PRINCIPALES PUBLICATIONS

  • M. Gabbrielli, and S. Martini, Programming languages, Springer, London, 2010. (English translation of the first Italian printing).
  • S. Martini, “Several types of types in programming languages”, History and Philosophy of Computing, HAPOC 2015, Springer, Berlin, IFIP Advances in Information and Communication Technology 487, 216--227, 2016.
  • S. Martini, “Types in Programming Languages, between Modelling, Abstraction, and Correctness”, Computability in Europe, CiE 2016: Pursuit of the Universal, Springer, Berlin, LNCS 9709, 164--169, 2016.
  • U. Dal Lago, S. Martini, “On constructor rewrite systems and the lambda-calculus”. Logical Methods in Computer Science, vol. 8(3:12), pp. 1-27, 2012.
  • U. Dal Lago, S. Martini, “The weak lambda-calculus as a reasonable machine”, Theoretical Computer Science, vol. 398(1-3) (2008) 32--50. (Elsevier, Amsterdam).
  • P. Coppola and S. Martini, “Optimizing Optimal Reduction. A type inference algorithm for Elementary Affine Logic”, ACM Transactions on Computational Logic (TOCL), vol. 7(2) (2006) 219--260 (ACM Press, New York).
  • A. Asperti, P. Coppola, and S. Martini, “(Optimal) duplication is not elementary recursive”, Information and Computation, vol. 193(1) (2004) 21-56 (Elsevier, Amsterdam). Also in the 27th ACM Conference on Principles of Programming Languages, POPL 2000.
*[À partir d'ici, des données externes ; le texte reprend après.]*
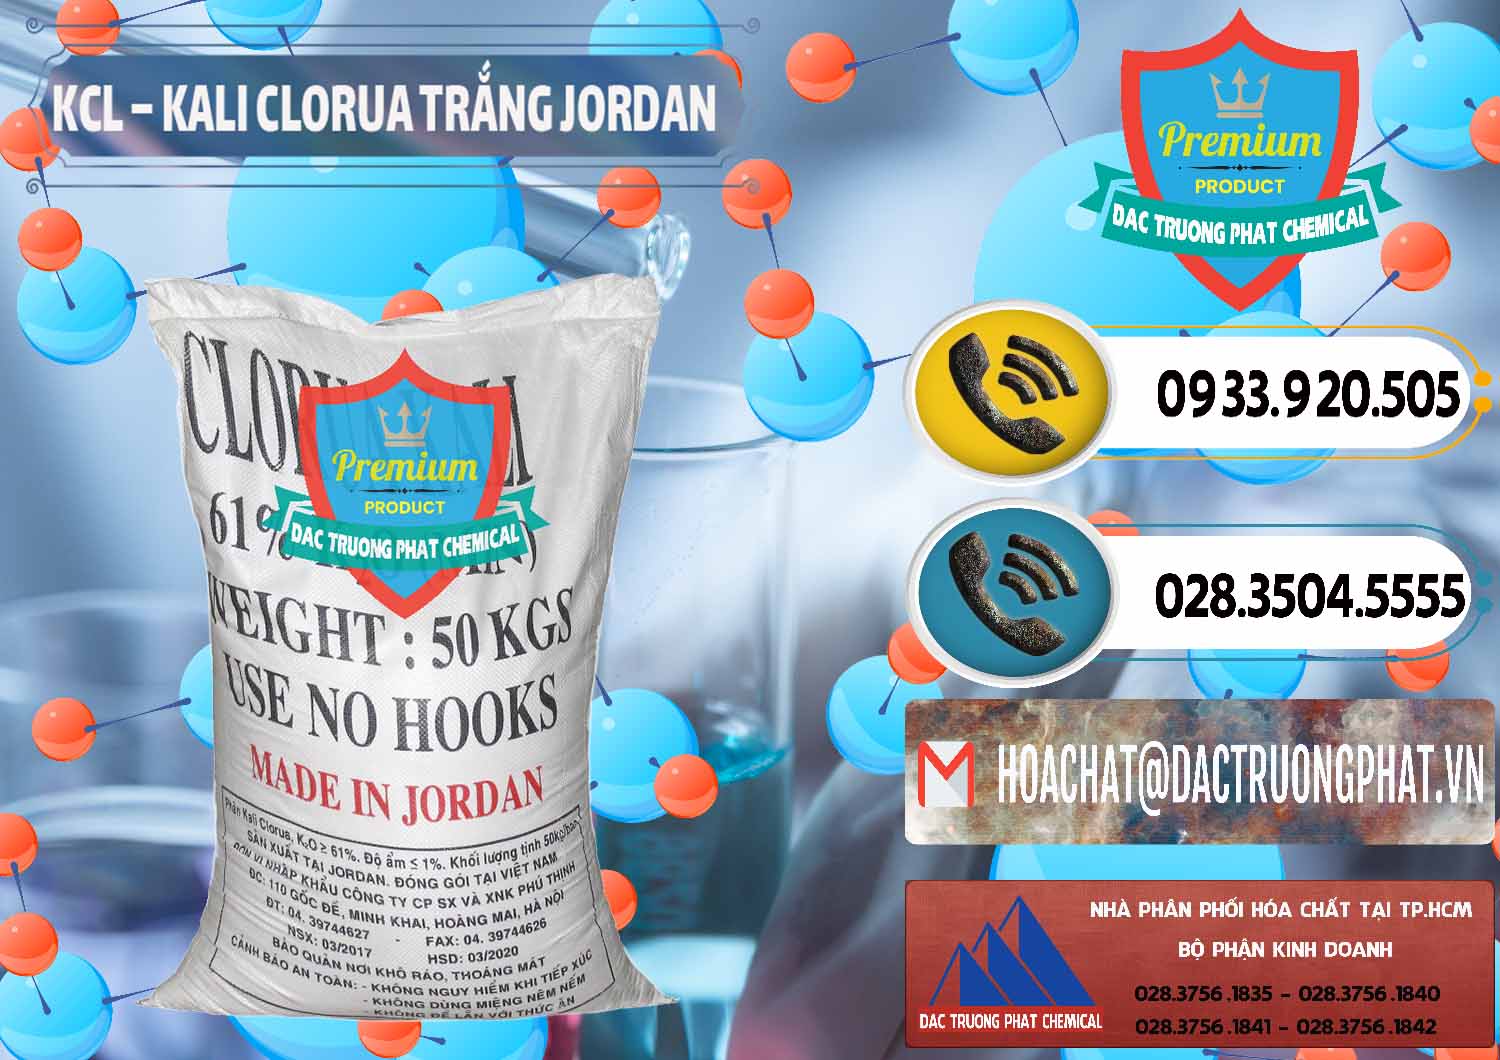 Cty chuyên bán và cung cấp KCL – Kali Clorua Trắng Jordan - 0088 - Chuyên cung cấp ( phân phối ) hóa chất tại TP.HCM - hoachatdetnhuom.vn

  • U. Dal Lago, and S. Martini, “Phase Semantics and Decidability of Elementary Affine Logic”, Theoretical Computer Science, vol. 318(3) (2004) 409-433. (Elsevier, Amsterdam).
  • S. Guerrini, S. Martini, and A. Masini, “Coherence for sharing proof-nets”, Theoretical Computer Science, vol. 294(3) (2003) 379-409 (Elsevier, Amsterdam).
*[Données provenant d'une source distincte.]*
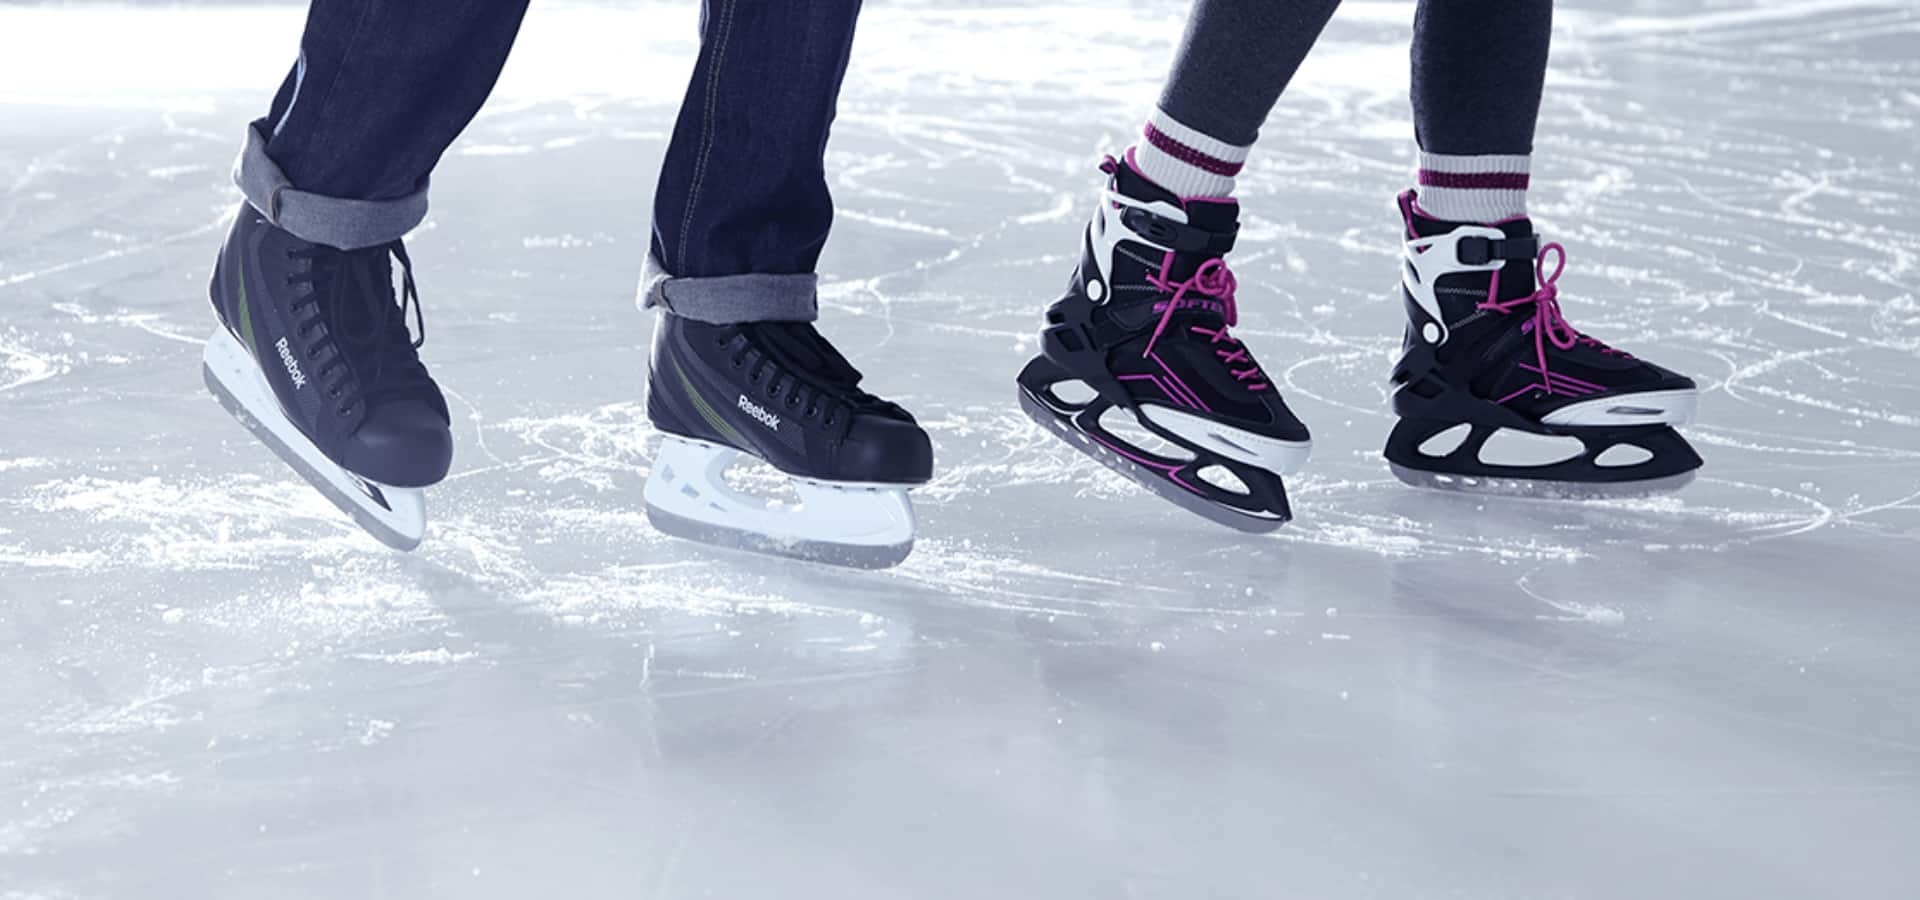 Gros plan de deux personnes patinant sur la glace

  • S. Guerrini, S. Martini, and A. Masini, “Proof nets, garbage, and computation”, Theoretical Computer Science, vol. 253(2) (2001), 185-237 (Elsevier, Amsterdam).
  • S. Martini and A. Masini, “A computational interpretation of modal proofs”, in Proof Theory of Modal Logic, H. Wansing (Ed), Kluwer, Dordrecht, 1996, 213--241.
  • L. Cardelli, S. Martini, J. C. Mitchell, and A. Scedrov, “An extension of system F with subtyping”, Information and Computation, vol. 109(1994), 4--56 (Academic Press, San Diego, CA).